Autor: Urs Haenni
Musikliebhaber kommen am diesjährigen Freiburger Filmfestival voll auf ihre Kosten. Ob amerikanischer Blues, Jazz, jamaikanischer Rocksteady, kongolesischer Rumba, Rap oder die Musik der Tuareg aus dem afrikanischen Mali – in den Kinosälen des Festivals herrscht Musikgenuss pur.
Doch wie genau bringt man Musik effektvoll auf die Leinwand? Dieser Frage widmete sich unter anderem eine Debatte im Cap’Ciné, an welcher der Schweizer Stascha Bader («Rocksteady»), der Franzose Jacques Sarasin («On the Rumba River»), das marokkanische Jury-Mitglied Izza Genini («Gnaouas») und der Fotograf Guy Le Querrec teilnahmen.
Im Kino kann die Musik zu den Leuten sprechen
Sarasin hält das Kino für das geeignete Medium, Musik zu transportieren. «Das Fernsehen lässt der Musik nicht mehr die Zeit, zu den Leuten zu sprechen», sagte er. «Im Kino ist dies noch möglich.»
Stascha Bader meinte gar, dass Musik in der jetzigen Zeit gar nicht mehr richtig gespielt werde. «Heute entsteht Musik, indem sie im Studio zusammengestückelt wird.»

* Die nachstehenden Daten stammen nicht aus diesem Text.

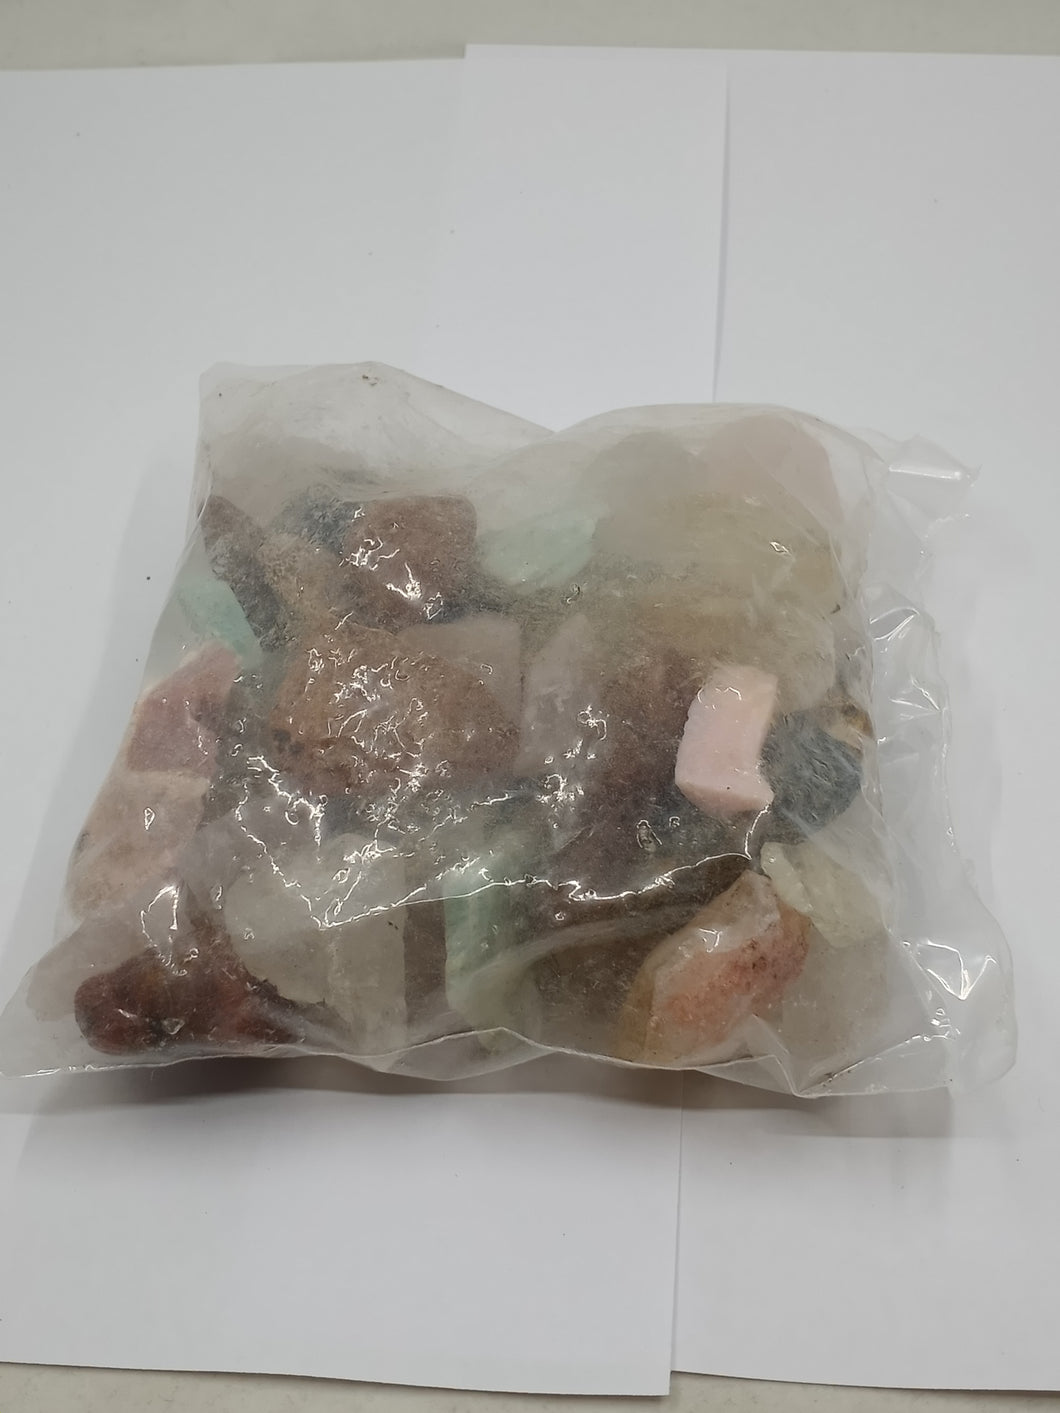 Mixed Gemstone Chips Raw 500g bag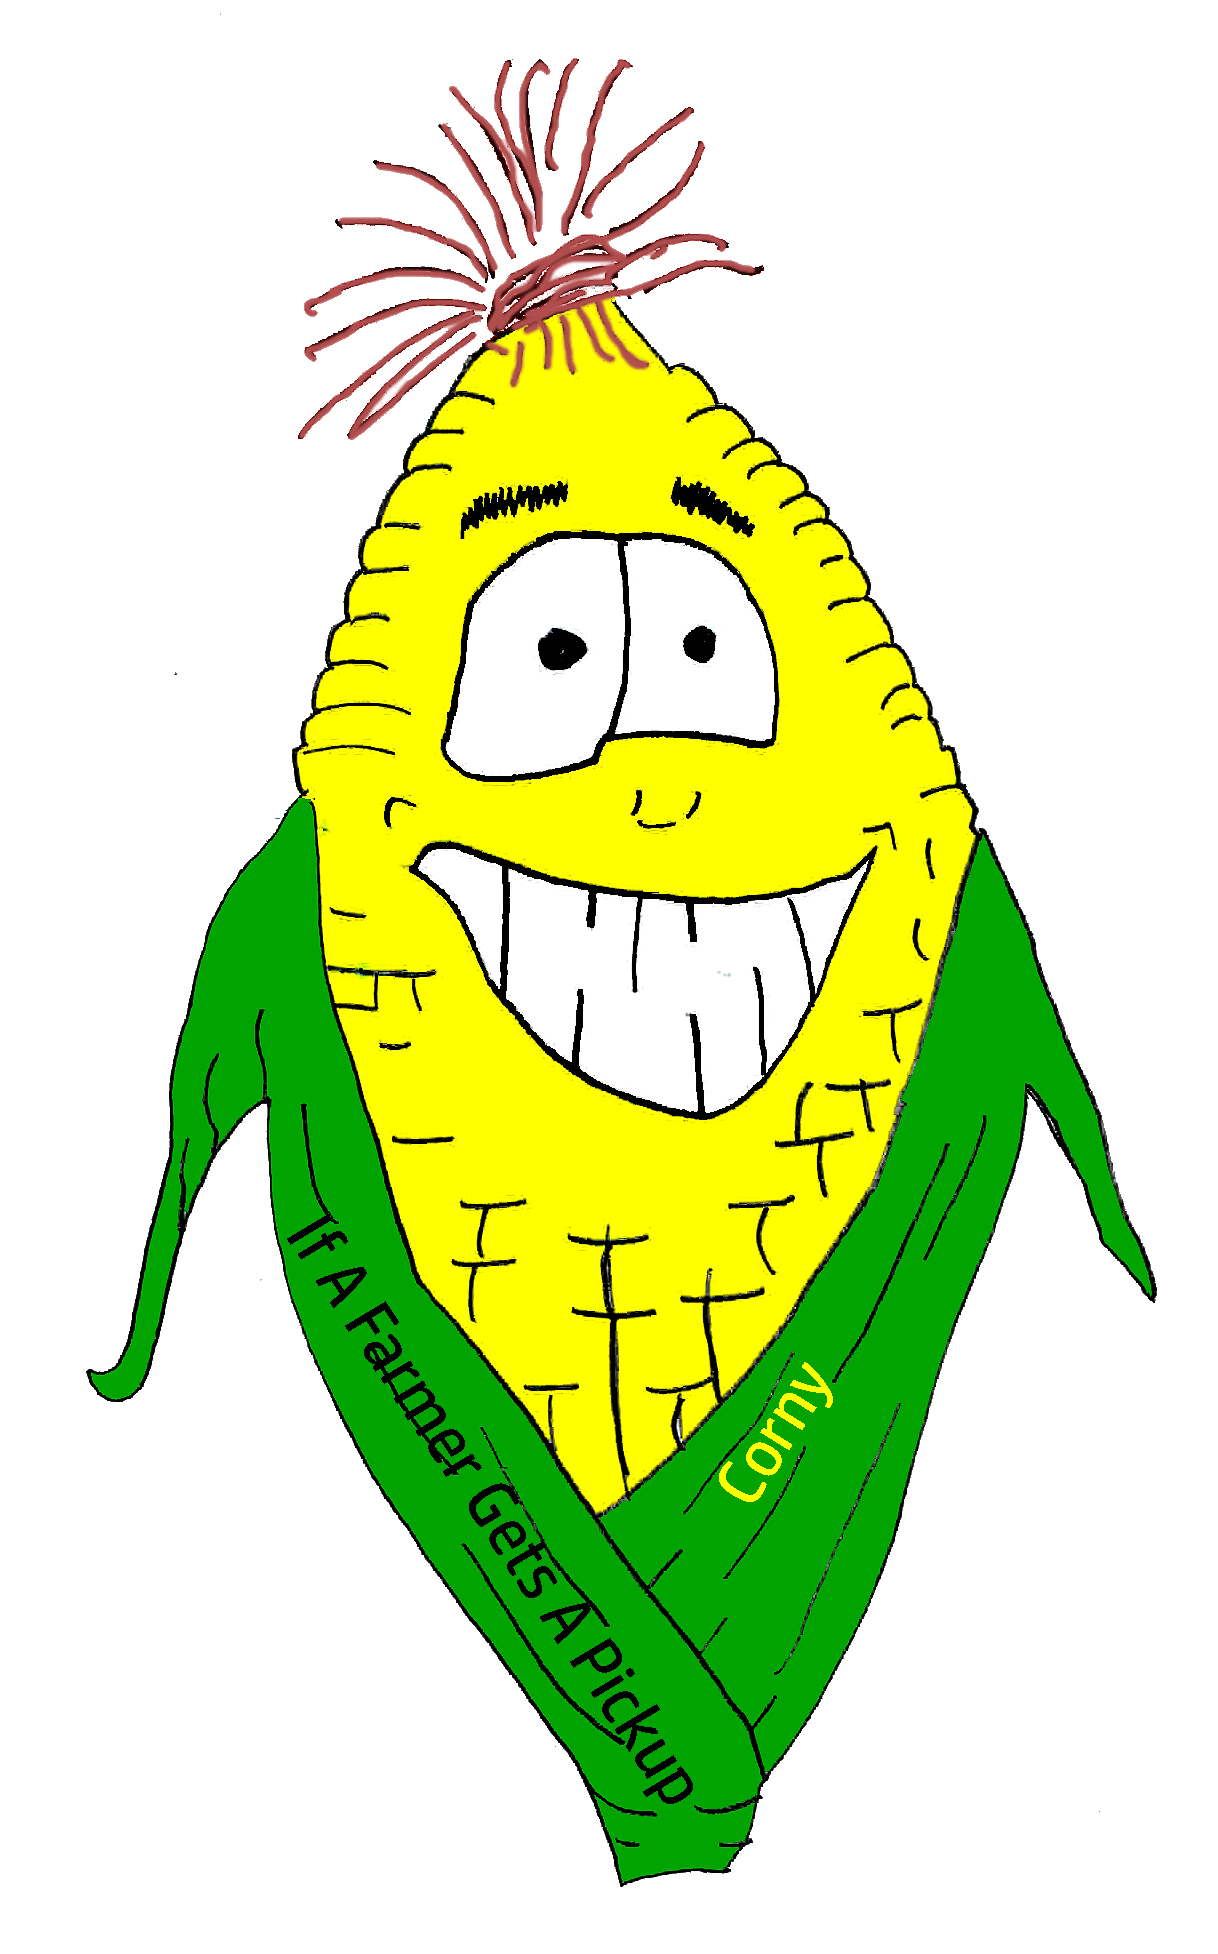 Corny 'If A Farmer Gets A Pickup'

Musik meist in Dokumentarfilmen
Insofern bringt das Kino Musik wieder zurück zu den Wurzeln. Da kommen Musiker zusammen und spielen auch tatsächlich gemeinsam. Sowohl Bader als auch Sarasin sind in ihren Filmen einen ähnlichen Weg gegangen. Sie haben Musik aus Jamaica und Kongo wieder aufgegriffen, die fast schon vergessen war. Sie haben zumeist betagte Musiker aus der Epoche jener Musik ausfindig gemacht, sie zusammengebracht, und sie ihre Musik wieder spielen lassen.
Ein ähnliches Szenario, wie man es etwa von «Buena Vista Social Club» kennt, aber, wie Sarasin sagt, «man muss ja ein Szenario haben, mit dem man diese Musik wieder aufleben lassen kann.» Auffällig ist, dass Musik mehrheitlich in Dokumentarfilmen gezeigt wird. Am Freiburger Festival sind von den 14 «Black-Note»-Filmen nur fünf fiktional.
Was locker aussieht, ist eine grosse Leistung
Stascha Bader hatte sich vor seinem Film mit der Rocksteady-Musik, einer Vorgängerin des Reggae, erst in einer akademischen Arbeit auseinandergesetzt. Aus dem Film hat er dann ein Event oder ein Happening in Form eines öffentlichen Konzertes gemacht. Das Ziel des Filmemachers war es, die Musik unberührt zu lassen. Doch was im Film wie ein lockeres Musizieren aussah, war als Filmprojekt «eine riesige Energieleistung», wie Bader sagt. Man habe einen strengen Tagesablauf einhalten müssen, was paradox wirkt zum Anspruch, die «Musik frei fliessen» zu lassen. «Wir hatten die Musiker, die Toningenieure vom Studio, die Filmequipe mit zwei Kameras, einem Ton-Mann und Beleuchtung, und diese sollten sich möglichst nicht behindern», so Bader.
Bei «Rocksteady» fällt auf, dass die Musik sehr lebendig über die Leinwand kommt, indem Gesichter und Instrumente immer wieder in Nahaufnahme erscheinen. Für Izza Genini ist Folgendes wichtig: «Ich will die Musik immer in ihrem Kontext filmen. Ich setze Kommentare so sparsam wie möglich ein und lasse die Musik sprechen.»
Die magischen Momente auf dem Dreh
Jacques Sarasin sagt, es gebe keine einheitliche Art, Musik zu filmen. Es komme immer auf die Atmosphäre und den Rahmen an, der bestimme, beispielsweise mit welchen Farben man arbeite: «Es kommt dann immer wieder zu magischen Momenten. Da versteht vielleicht ein Kameramann die Sprache der Musik gar nicht, aber mitten in seiner Arbeit steht er plötzlich in einer totalen Symbiose mit den Musikern. Diese Gnadenmomente sind nicht möglich, wenn man die Musik nicht liebt.»
«Die Musik bringt mir Bilder»
Dabei spielt es scheinbar gar keine Rolle, ob der Filmemacher selber Musiker ist oder nicht. Stascha Bader macht selber Musik, Jacques Sarasin und Izza Genini hingegen nicht.
Die marokkanische Regisseurin sagt dazu: «Ich habe vielleicht nicht so ein feines Ohr. Aber ich habe doch eine eigene Beziehung zur Musik: Die Musik bringt mir Bilder.»